If you have ever worked in an IT shop, you will know that the one thing you cannot escape from is issues related to Database performance. Now, I am no DBA in any way or fashion, but thought I should record some of the common issues and ways they have been overcome in my career so far. More for self records than trying to teach someone :).

  • Network Related
    • Check if the NIC (network interface) on the DB server has any speed mis match with the network device (most probably a switch) that it is connected to.
    • Check the latency between the application and the DB (pertains to applications connecting to DB over WAN links)
  • System Related
    • Check if a rouge process is using all the system resources.
    • Check if the disk sub system is performing optimally
      • Recommend using RAID 10 for transactional systems.
      • Don’t forget to check those batteries on the RAID controllers 🙂
    • Check if the DB is just running out of gas.
      • Long term capacity trending records come in handy here.
  • Database Related
    • Views are evil.. if created the wrong way. Esp, on data that is accessed frequently. Remember that you are now making two calls to the database. One to read the data, One to create the view.
    • Ensure your logs are not being writted ot (thx Ray for pointing out the typo) written to the same disk subsystem as your data files.
    • Indexes are good.. But only to an extent. If the size of your indexes is twice the size of your data.. you have an issue.
    • Check for invalid objects. You will be surprised how many times, people overlook this.
    • Sometimes, it helps to flush the SGA (Oracle specific). Be aware that it will slow down the response time for a while (until the cache gets populated again).
    • Avoid excessive monitoring. Esp. with tools that query the system tables quite frequently. This has a negative impact on the database performance.

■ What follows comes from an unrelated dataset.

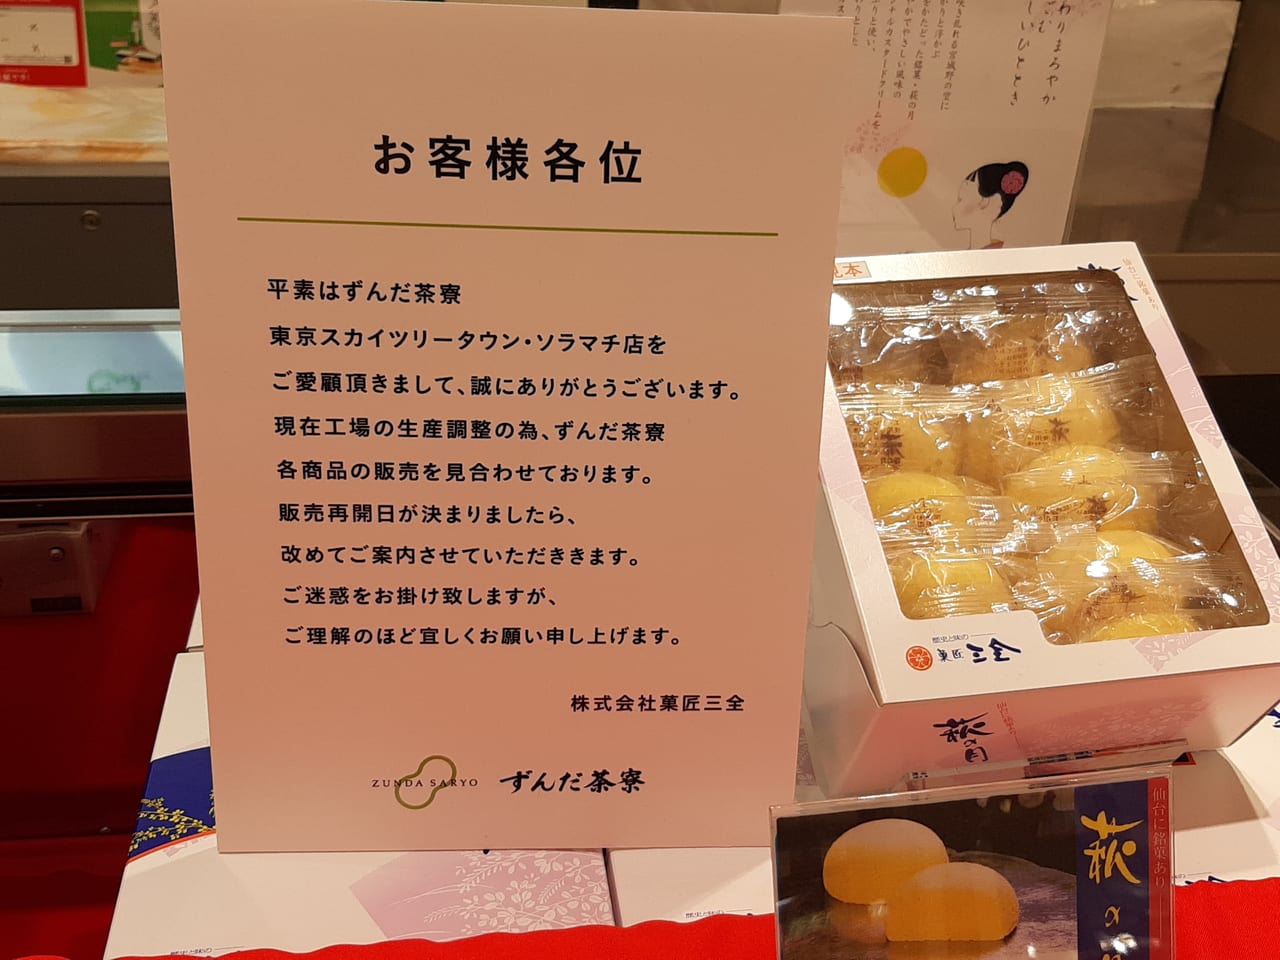 墨田区 ソラマチにて６月末までの期間限定で もらって嬉しいお土産ランキング で有名なあの銘菓が販売中です 号外net 墨田区

Did you run into any strange situations and figured out a solution? Please feel free to add your comments below…

Lessons of the trade : Data purge in databases..

Quick note to myself.. If you have a high volume transactional database and are looking to purge data from a table(s).. make sure you purge the data in small chunks. If you purge the data in larger chunks (rows), other processes trying to access the data on those tables have to go to the redo logs to access the data, since the purge job will put a lock on the table. This obviously adds latency to the queries.. So purge the data in smaller chunks (rows), forcing the database to flush the redo logs.